= Jessy Kent-Parsons =

British welfare activist

Jessy Kent-Parsons (née Usher; 1882 – 26 February 1966) was a mother and child welfare campaigner, who established a School for Mothers in Tottenham in 1912, and organised one of the first antenatal clinics in England in 1917.

== Life ==
Jessy Eugenie Usher was born in Aston, Birmingham in 1882, the daughter of John Usher, a coach painter. A talented contralto, she went to the Royal College of Music at 17, and made some appearances prior to her marriage, in 1900, to Edward Kent-Parsons, a commission agent. The couple had one daughter, but Edward Kent-Parsons died in 1908, from which point she turned to social work.

Kent-Parsons gained a certificate from the Sanitary Inspectors' Board, as well as the Central Midwives' Board, and obtained a Ministry of Health Visitor's Diploma. Qualifying as a Woman Sanitary Inspector in 1911, Kent-Parsons gained employment with the London Borough of Tottenham as a Health Visitor, remaining so until 1945. She was an early member of the Health Visitors' Association, with which she was actively involved, and twice acted as chairperson.

Kent-Parsons became particularly concerned with the health and welfare of women and children, joining the WPHOA in 1912. In the same year, alongside Dr Sophia Seekings Friel, she established a School for Mothers in St. Anne's Ward, Tottenham, an area with a high rate of infant mortality. She then joined the voluntary committee of the first creche to be opened in Tottenham, which became an influential example for the founding of the Maternity and Child Welfare Department of the BC. Of this, she acted as superintendent for three decades, from 1915 to 1945. In 1917, Kent-Parsons organised one of the country's first antenatal clinics, and in 1921 was part of a BMA Committee on Infant Mortality.
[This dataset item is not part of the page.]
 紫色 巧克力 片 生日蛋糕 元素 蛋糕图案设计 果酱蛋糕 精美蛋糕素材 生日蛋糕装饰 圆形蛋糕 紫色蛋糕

In addition to her employment, Kent-Parsons was active in efforts to achieve higher salaries for health visitors. She was also prominent on a number of boards and committees, including on the Executive Committee of the Women Sanitary Inspectors and Health Visitors' Association (WSIHVA) 1918-9; as representative of the Women Sanitary Inspectors on the National Council of Women until 1922; as chair of the Midwifery Training Sub-Committee in 1928, and as a representative of the NCUMC 1926-8. Additionally, she was a member of the National Council of Mother and Child Welfare, the National Association for the Prevention of Infant Mortality, the National Baby Welfare Council, Standing Joint Committee of Industrial Women's Organisations, the National Council of Women, the Women's Advisory Housing Council, and the National and Local Government Officers' Association. For this latter, she travelled abroad as part of educational efforts. In 1935, she was appointed MBE.
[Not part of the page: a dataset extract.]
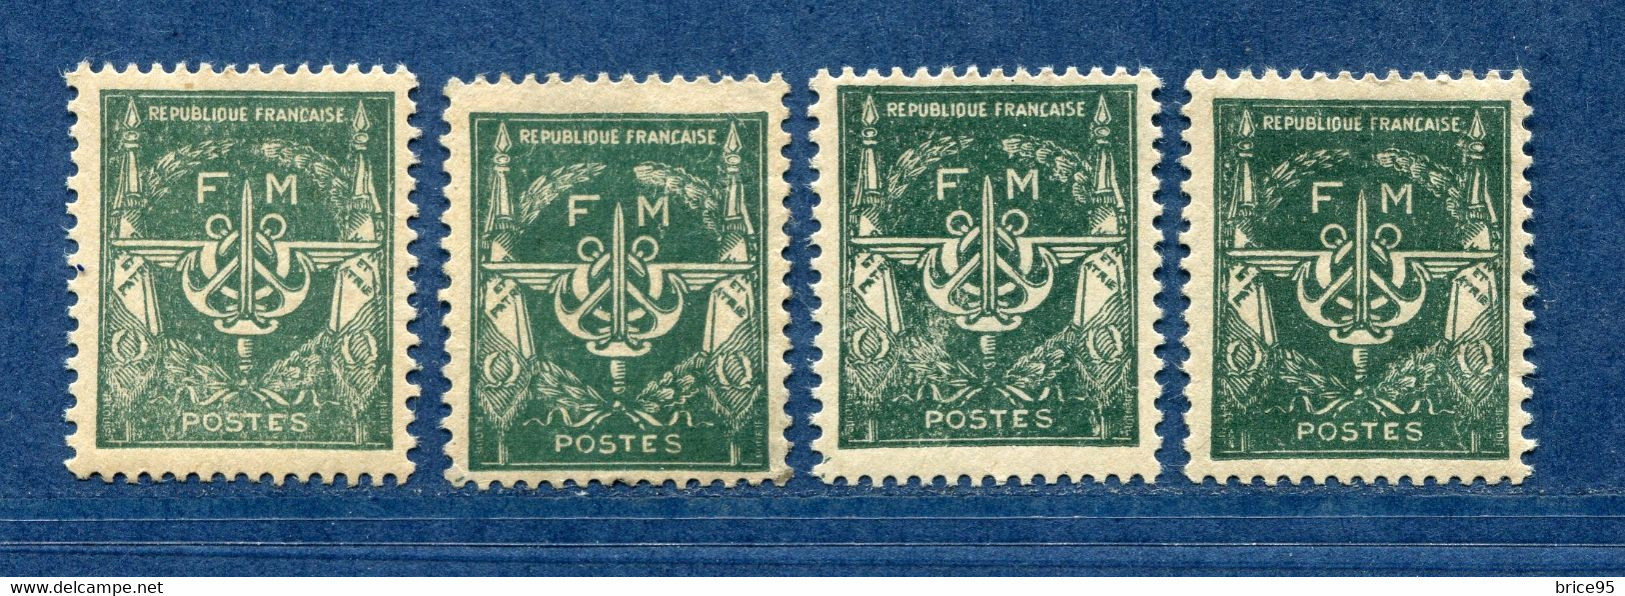 ⭐ France - Variété - YT FM N° 11 - Franchise Militaire - Couleurs - Pétouilles - Neuf Avec Charnière - 1946 ⭐ - Nuevos

Kent-Parsons retired in 1945, after 34 years with Tottenham Borough Council. and was commended for her 'valuable services' and 'unrelenting and determined spirit', particularly in her work throughout World War II. She spent her retirement in Torquay, Devon, living with her friend, Miss Blanchard.

Jessy Kent-Parsons died in a Torquay nursing home on 26 February 1966, remembered for her 'zeal... abundant vitality and great sense of humour'.